Patrick Kelley, the acting general counsel of the FBI, said the phone company data could be made available to "other levels of law enforcement enforcement from local, state and federal who want it for whatever law enforcement purposes they’re authorized to obtain it." He also raised a frightening prospect: "Civil litigation could also seek to obtain it for such things as relatively mundane as divorce actions," he said. "Who’s calling who with your spouse … So if the data is kept only by the companies than I think the privacy considerations certainly warrants scrutiny."
There was some irony in that idea. In September, the NSA’s inspector general revealed several cases in which NSA employees illegally spied on partners or spouses in an incident known internally as "LOVEINT" (love intelligence).

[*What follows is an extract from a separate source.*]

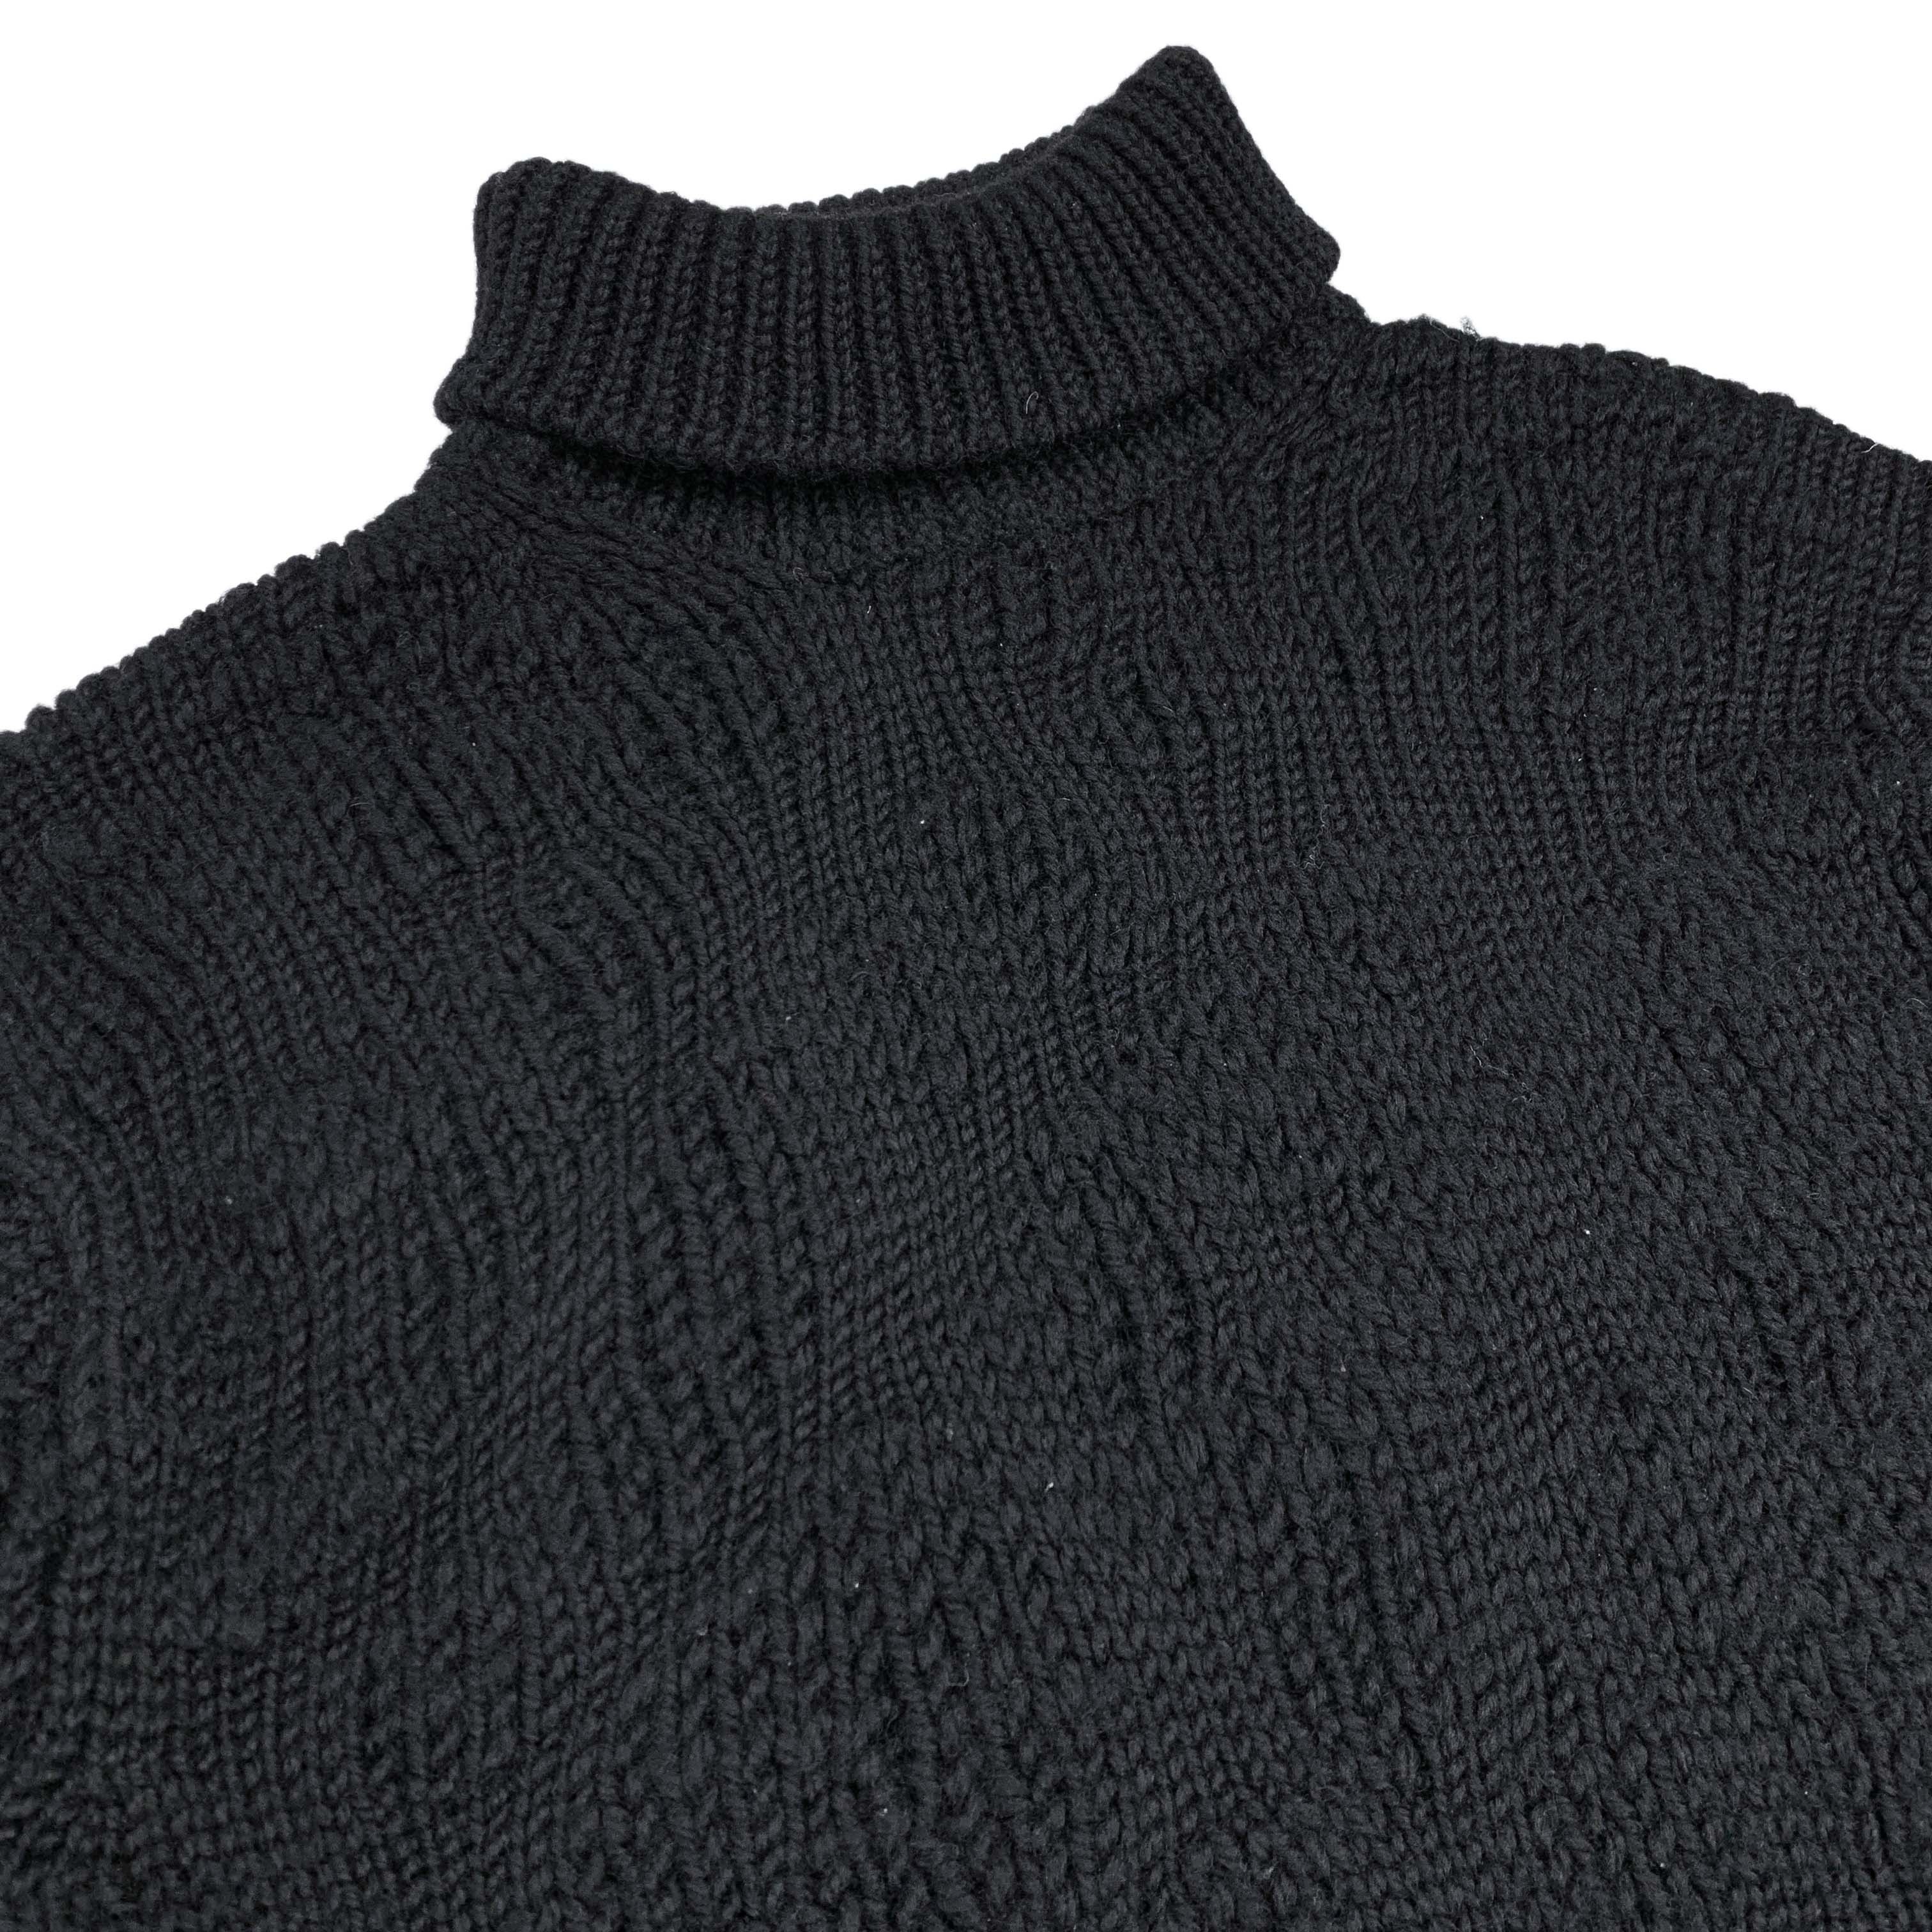 AW98 Distortion Knit Wool Turtleneck Sweater - 3

Any act of Congress modifying the phone records database could include provisions prohibiting the use of telephone metadata for purposes not related to national security. And if lawmakers wanted to keep the information out of the hands of local police or civil attorneys, they could write a provision preserving its exclusive use by the NSA and the intelligence agencies.
Still, the lawyers painted dire scenarios of what would happen if section 215 was fully scrapped rather than modified. "We wouldn’t be able to see the patterns that the NSA’s programs provide us," Kelley said. "We’d be less agile, we’d be less informed, we’d be less focused, and as a result we’d be a lot less effective in preventing the attacks."
The lawyers also pushed back against a proposal being debated in Congress to appoint a "special advocate" to argue against the government’s position in certain matters before the Foreign Intelligence Surveillance Court, which authorizes NSA surveillance. Currently, only lawyers representing the government appear.
"There’s a precedential issue that we’re very concerned about," said Litt. "Are you going to set up a process that provides more protection for foreign terrorists than for Americans who are subject to criminal search warrants?"
The idea of a special advocate is included in the reform bill sponsored by Leahy and Sensenbrenner that already has more than 80 co-sponsors in the House and Senate. The advocate would not be present every time the government wants to get court approval for surveillance. Rather, he or she would weigh in on matters that affected interpretation of law. A less ambitious reform effort by Sen. Dianne Feinstein (D-CA) authorizes the FISA court to designate an outside "Amicus Curiae" or "Friends of the Court" to offer an independent perspective.
Privacy advocates speaking to The Cable objected to Litt’s reluctance regarding a special advocate. "There should of course be two sides arguing major cases in front of the FISA court," said the Electronic Frontier Foundation’s Trevor Timm. "The adversarial process is a bedrock of our judicial system (and democracy), and one of the reasons we’ve seen such a secret warping of public laws in the past few years is because the [surveillance] court has never heard from anyone but the government."
In other cases, Litt opened the door to more modest reforms, such as retaining copies of Americans’ records for a period of less than five years and reducing the kinds of information that the NSA is allowed to query. The other lawyers did not explicitly support those reforms.
The independent board, called the Privacy and Civil Liberties Oversight Board, is expected to deliver its recommendations to President Obama and Congress by the end of 2013. It’s five members report to Congress but were appointed by the president.